Jim's collection was recently on display at City Hall lobby. Which is nice because normally no one would get to see it. Though he's tried for years to get the city to establish a firefighting museum, the city's just not interested. "I can't get to first base," he was quoted as saying. "It's sad." He adds: "It's a damn shame this stuff isn't in a permanent home." Presumably the artifacts spend most of their time in Jim's basement.

Of course, it's not just firefighting "stuff" that doesn't have a permanent home in London. Witness the recent closure of the Guy Lombardo Museum near the former Wonderland Gardens and the wrangling over ownership of the music legend's speedboat.

Then there are the various London museums in crowded, inappropriate quarters - like the First Hussars Museum in an Ontario cottage behind the Old Courthouse. Or the ones in out of the way places - like the Secrets of Radar Museum somewhere behind Parkwood Hospital. (I know, veterans will find it there - but who else?)

What this city needs is a real historical museum (by "real" I mean not like Museum London) with sections devoted to: the founding of the city at the Forks, the First Hussars, the Western Fair, Guy Lombardo and the Royal Canadians, the Medical Hall of Fame, Royal Canadian Regiment and the Secrets of Radar. There would be room for firefighting artifacts. Throw in a section on London's role as a refuge for fugitive slaves before the Civil War. Have a special display on our worst disaster, the Victoria riverboat capsizing. The role of the railway in developing the city.
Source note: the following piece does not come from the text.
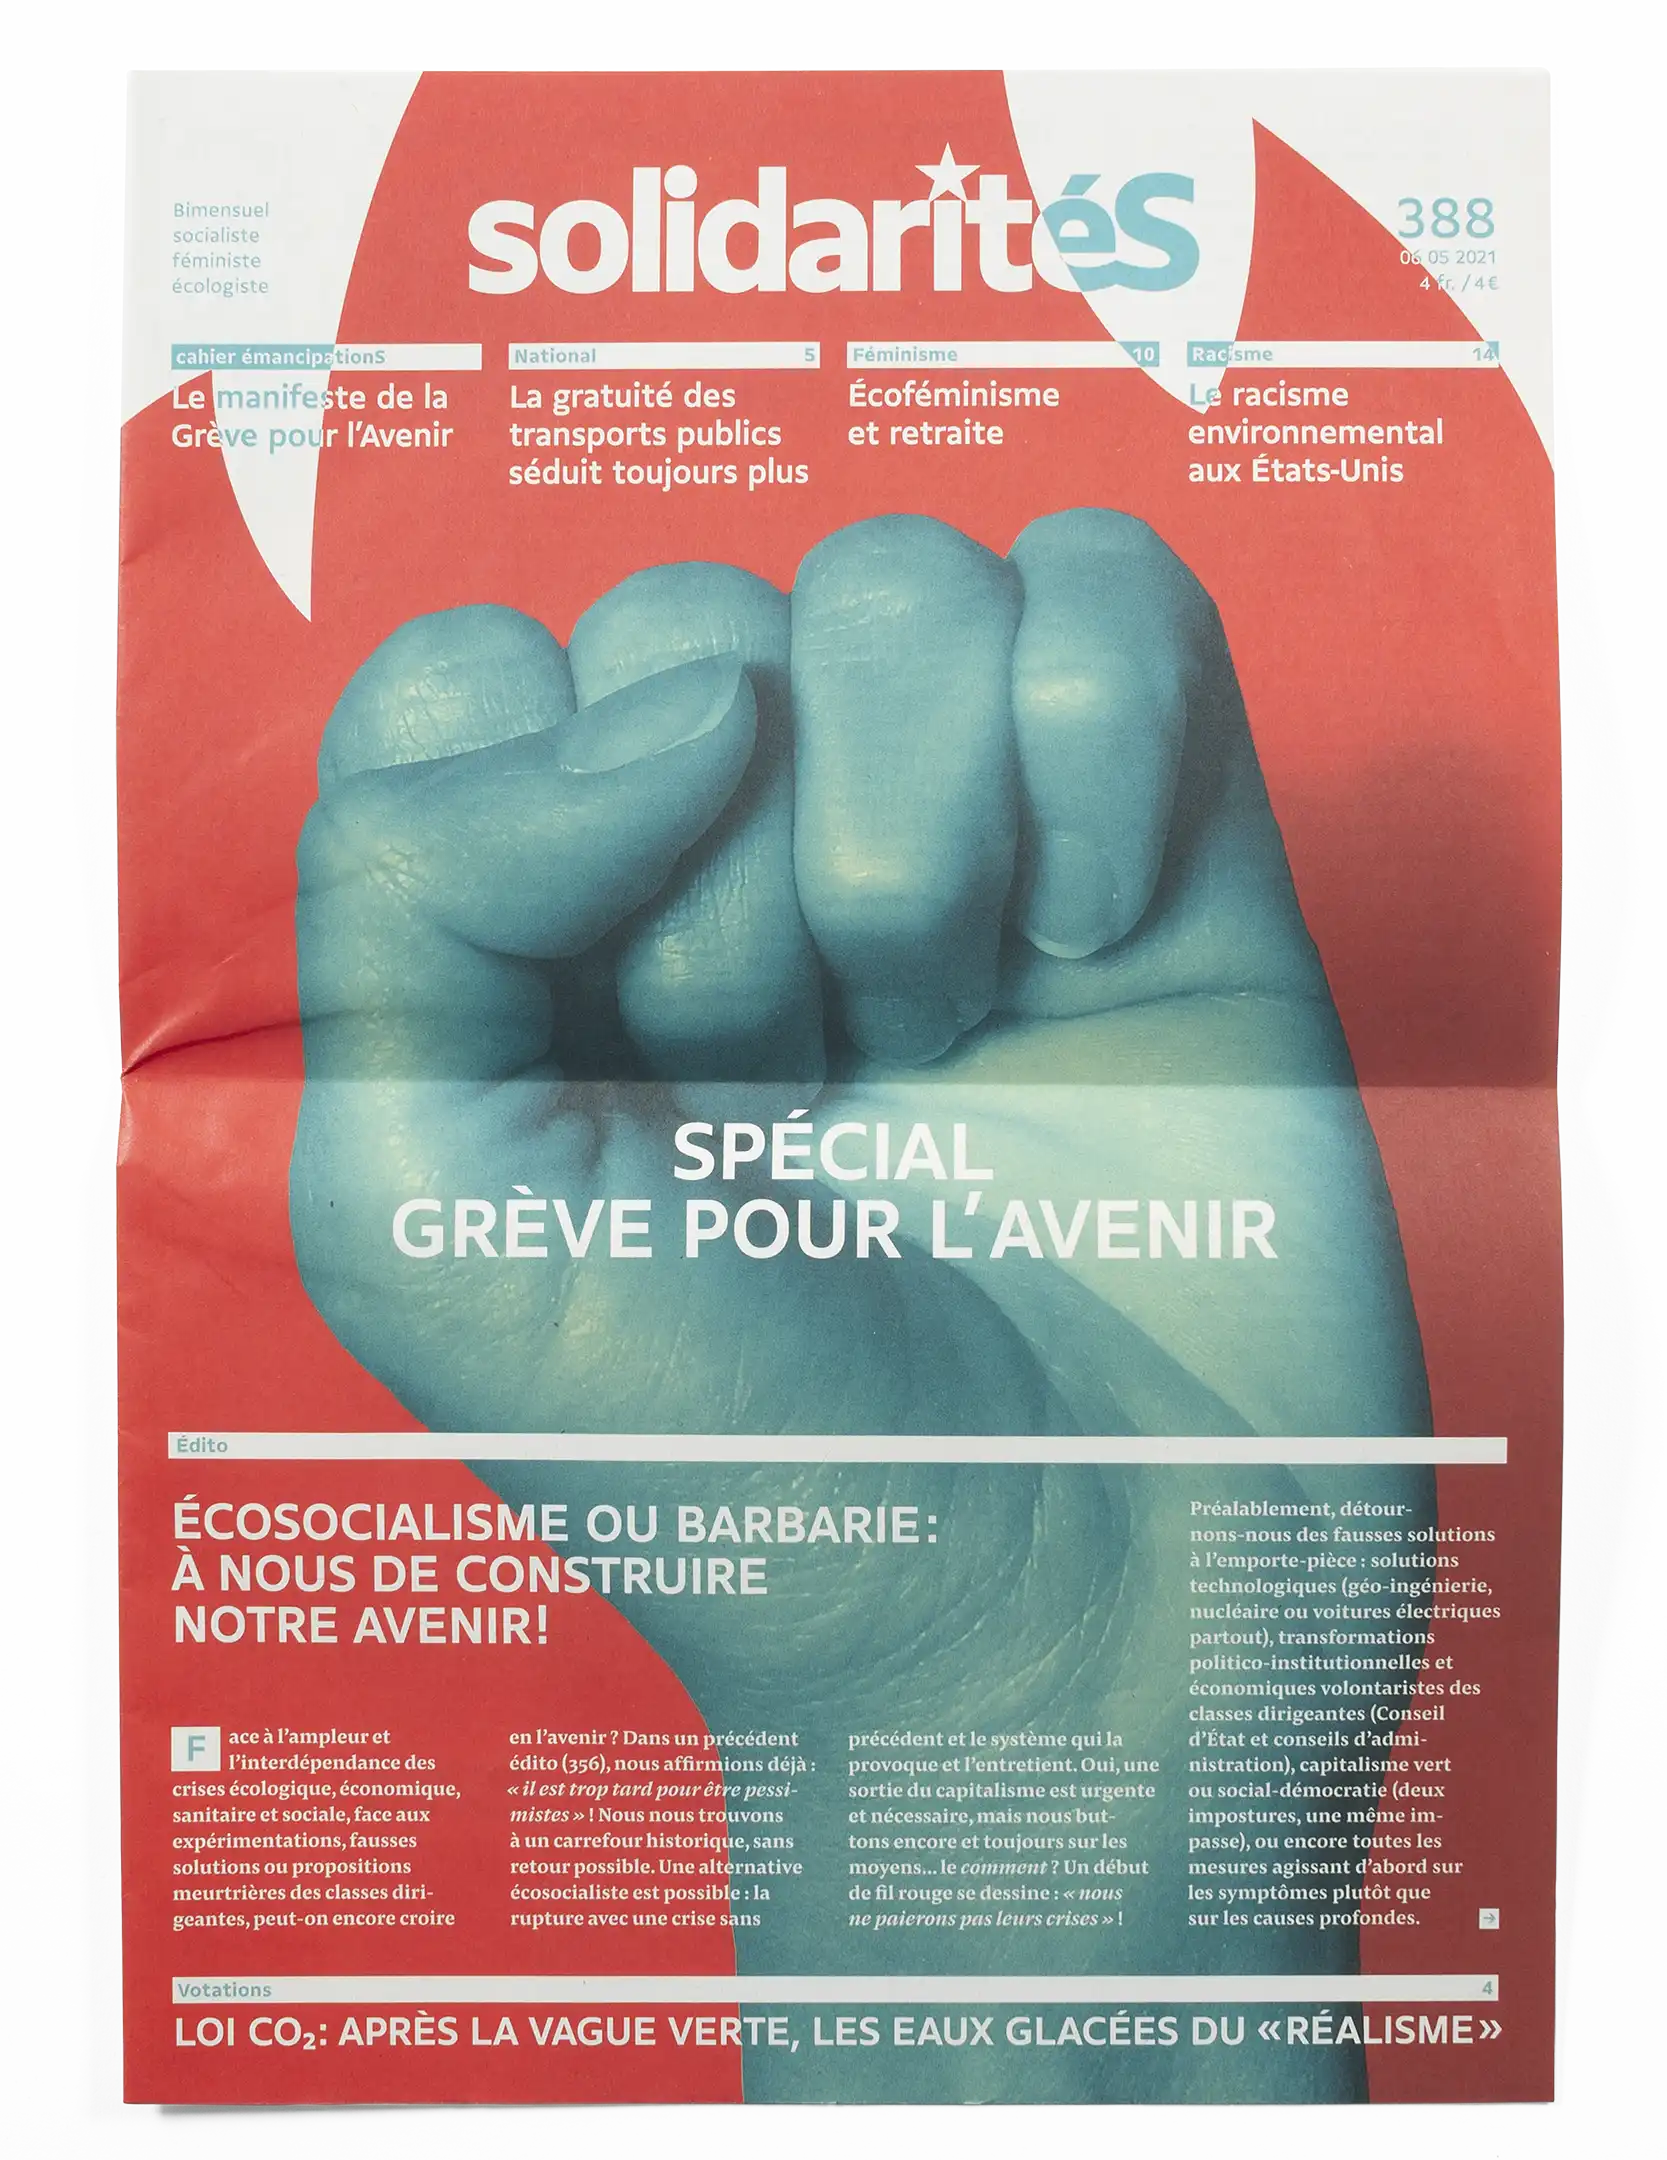 Cover of solidaritéS journal issue 388, with a photo of a raised fist

I could go on but you get the point. Most of our heritage should be under one roof, not scattered throughout the city. And we don't even need to build new. There's an unused library on Queens Ave. Its lobby is probably large enough to hold Engine 86. There are dozens of empty stores on Dundas Street, most large enough to hold Tempo VI. There's an empty Normal School in Wortley Village...

If we build it - and make it good - they will come. Even pay. And Jim could get all that "stuff" out of his basement.

Sunday, September 5, 2010

The Slippery Slope

David Nielsen, in his September 4th letter to the Free Press, informs us that the former Victoria Hospital building on South Street should be demolished. His reasons include lack of air conditioning, not enough floor space and possible violation of the fire code.

His most interesting reason, however, involves sloping floors. "If you had ever pushed a wheelchair there, you would quickly realize the building is sinking toward the river. By now, the floors may have sloped several inches to the south."

David says he used to work there but doesn't say in what capacity. Doctor? Janitor? Candystriper? Is he an expert on building codes? Did he quit nursing to go into architecture?

Question: Is a building with sloping floors inherently unsafe? If so, my elementary school in Prescott, Ontario should have been condemned years ago. The hallway had such a steep slope that you started Grade One about a foot higher than when you graduated from Grade Eight. I don't think the building was in danger of collapsing. Granted, the school was a bungalow and nowhere near a river.

But what about all those medieval buildings you see in Britain and Europe, the ones standing at rakish angles, leaning over, looking a little drunk? I've seen streets in English villages where every house must have sloping floors. I slept in a 15th century B&B in Cambridgeshire where the foot of the bed was lower than the pillows.

Of course all these buildings are shored up, well looked after, not abandoned and ignored. And that's the main difference between them and South Street. Leave any building empty and its problems will quickly grow worse. That's the real reason South Street may be past saving - not because its floors are sloping but because the City of London is once again practising demolition by neglect.